[Springhaven by R. D. Blackmore]@TWC D-Link book
Springhaven

CHAPTER XXXIII
11/18

And the same with your breakfast, and your supper too, and a good long night to get over it.

Do you jump up in bed, before you have shut both eyes, hearing or fancying you have heard the bell, that calls you out into the cold, and the dark, and a wet saddle, from a warm pillow?
And putting that by, as a trouble of the war, and the chance of being shot at by dark tall men"-- here Faith shuddered at her own presentment, as the image of Caryl Carne passed before her--"have you to consider, at every turn, that whatever you do--though you mean it for the best--will be twisted and turned against you by some one, and made into wickedness that you never dreamed of, by envious people, whose grudge against you is that they fancy you look down on them?
Though I am sure of one thing, and that is that my father, instead of looking down upon any honest man because he is poor, looks up to him; and so do I; and so does every gentleman or lady.
And any one who goes about to persuade the working-people--as they are called, because they have to use their hands more--that people like my father look down upon them, and treat them like dogs, and all those wicked stories--all I can say is, any man who does it deserves to be put in the stocks, or the pillory, or even to be transported as an enemy to his country." Dan looked at the lady with great surprise.

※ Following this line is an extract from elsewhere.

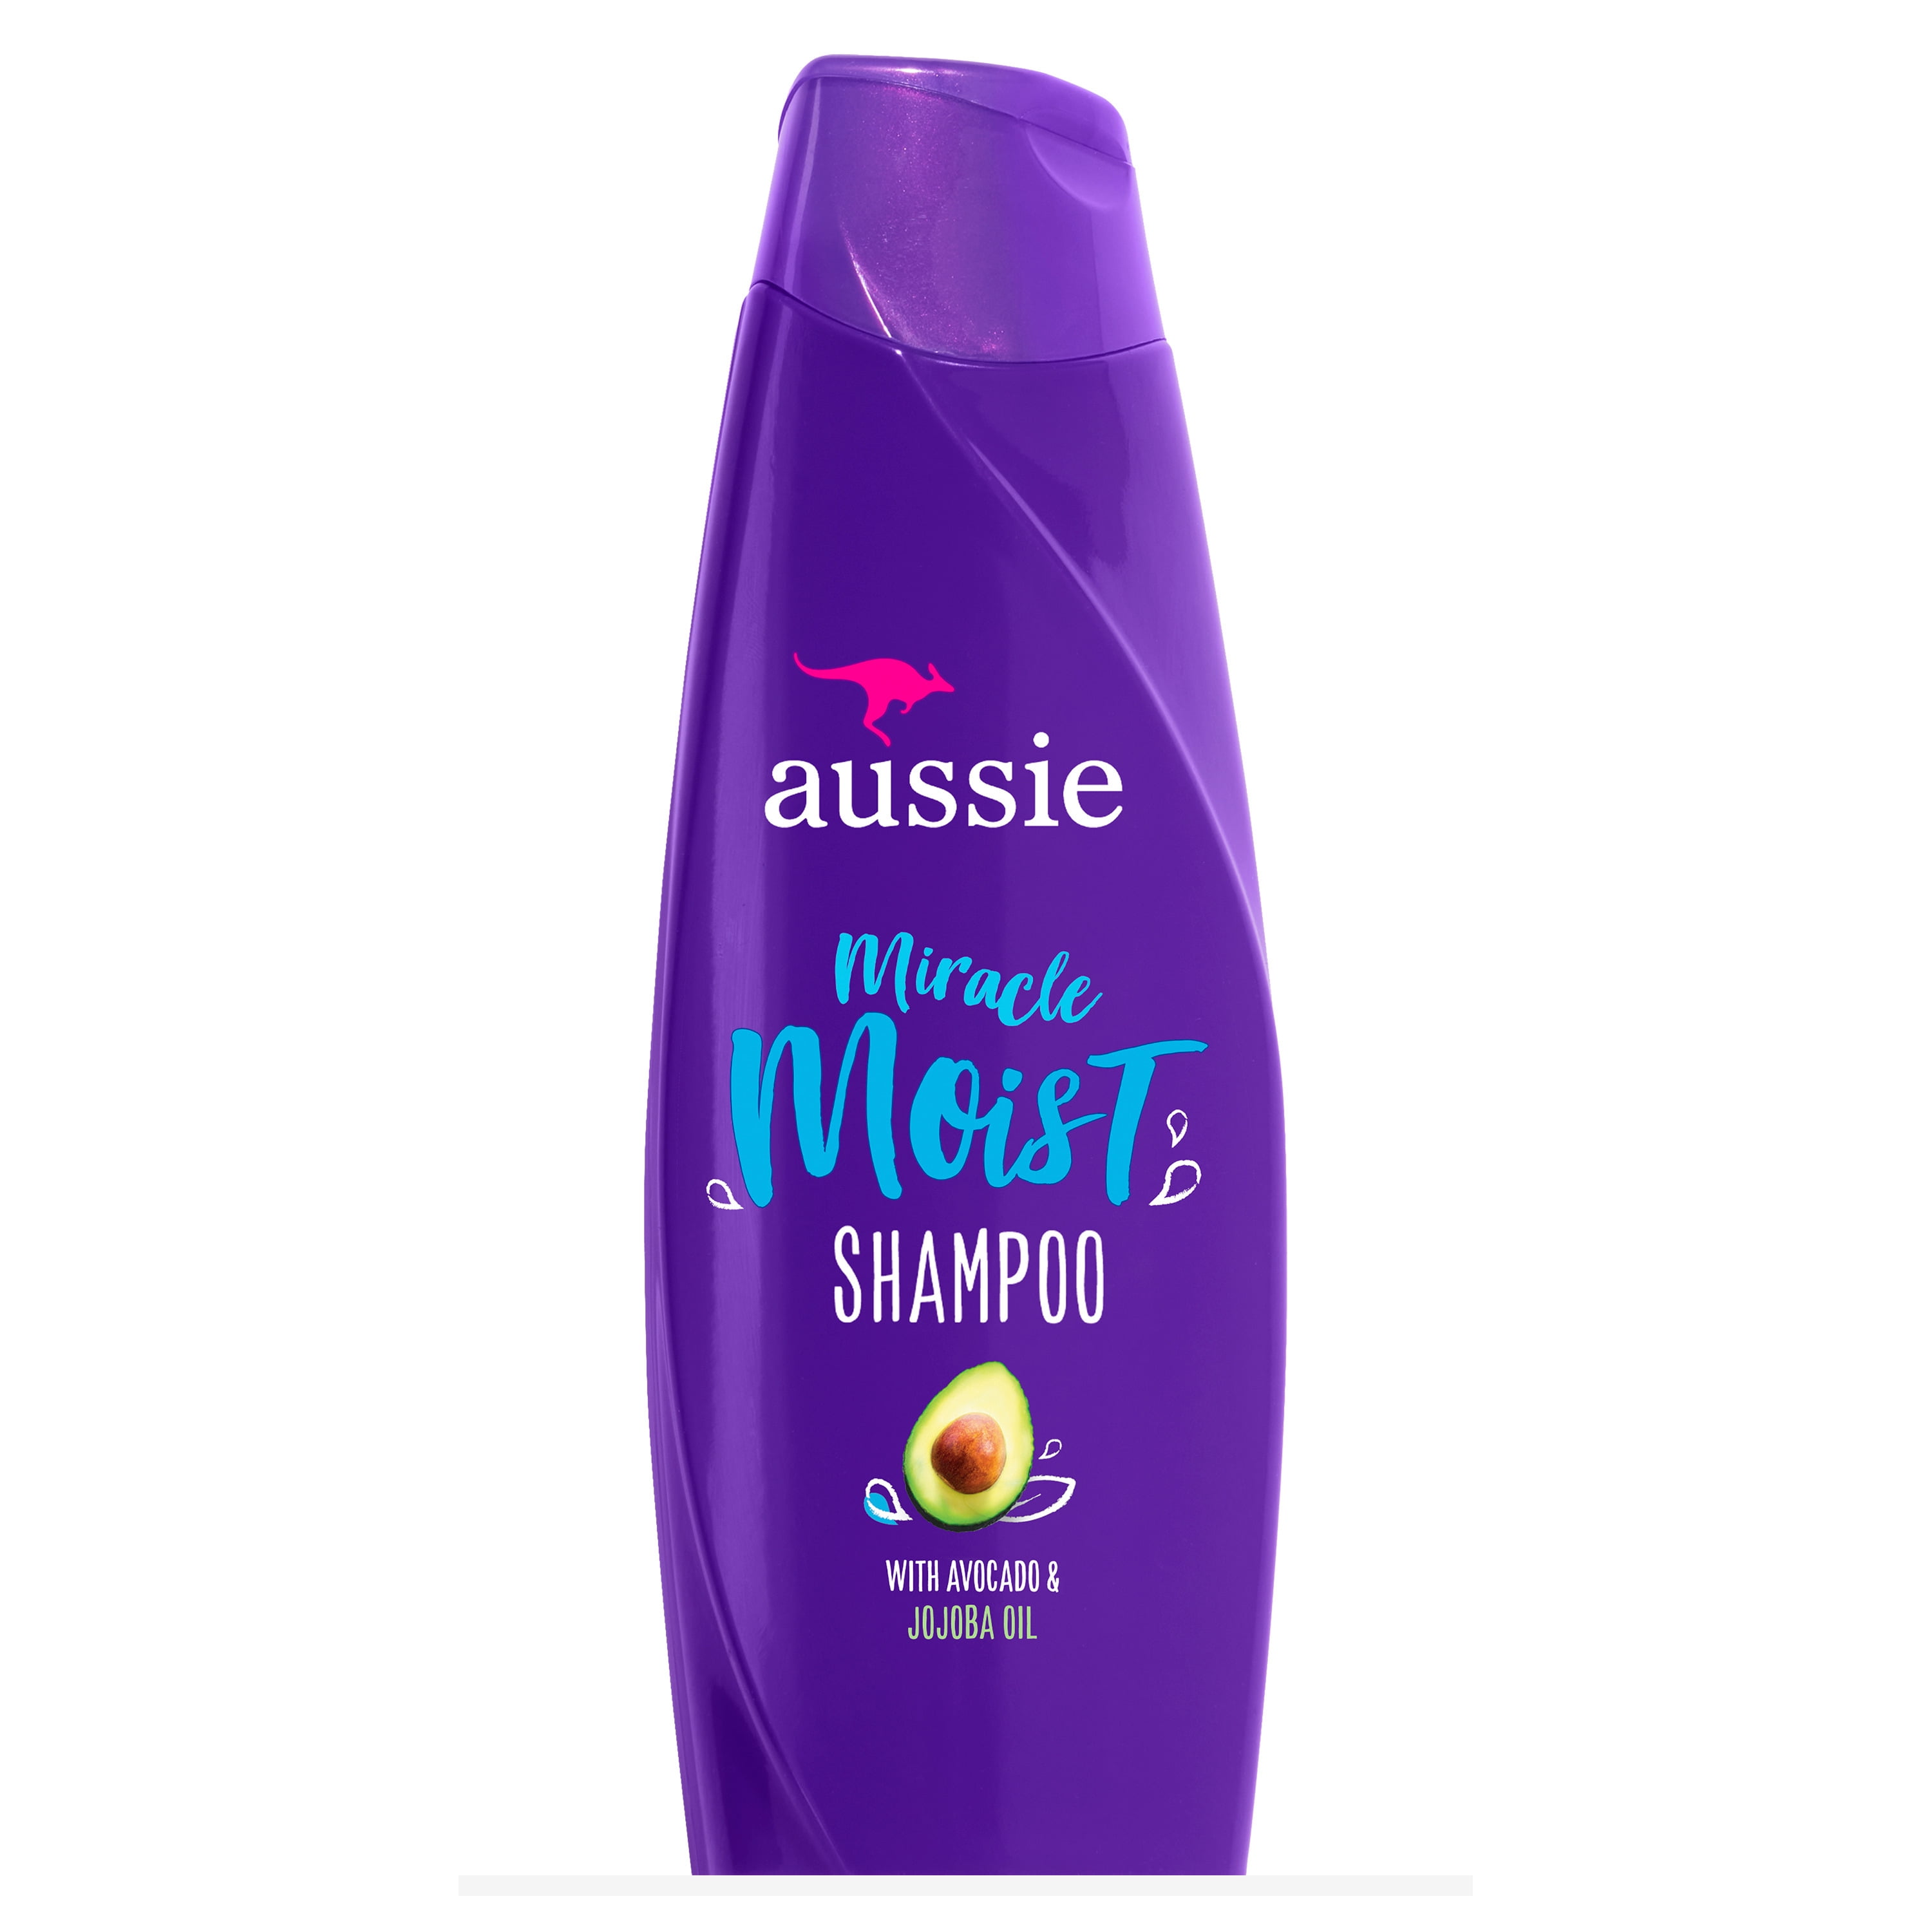 Aussie Miracle Moist Shampoo with Avocado, Paraben Free, 12.1 oz - Walmart.com

He had always known her to be kind and gentle, and what the old people called "mannersome," to every living body that came near her.

But to hear her put, better than he could put them, his own budding sentiments (which he thought to be new, with the timeworn illusion of young Liberals), and to know from her bright cheeks, and brighter eyes, that her heart was in every word of it, and to feel himself rebuked for the evil he had thought, and the mischief he had given ear to--all this was enough to make him angry with himself, and uncertain how to answer.
"I am certain that you never thought of such things," Miss Darling continued, with her gentle smile returning; "you are much too industrious and sensible for that.

But I hear that some persons are now in our parish who make it their business, for some reason of their own, to spread ill-will and jealousy and hatred everywhere, to make us all strangers and foes to one another, and foreigners to our own country.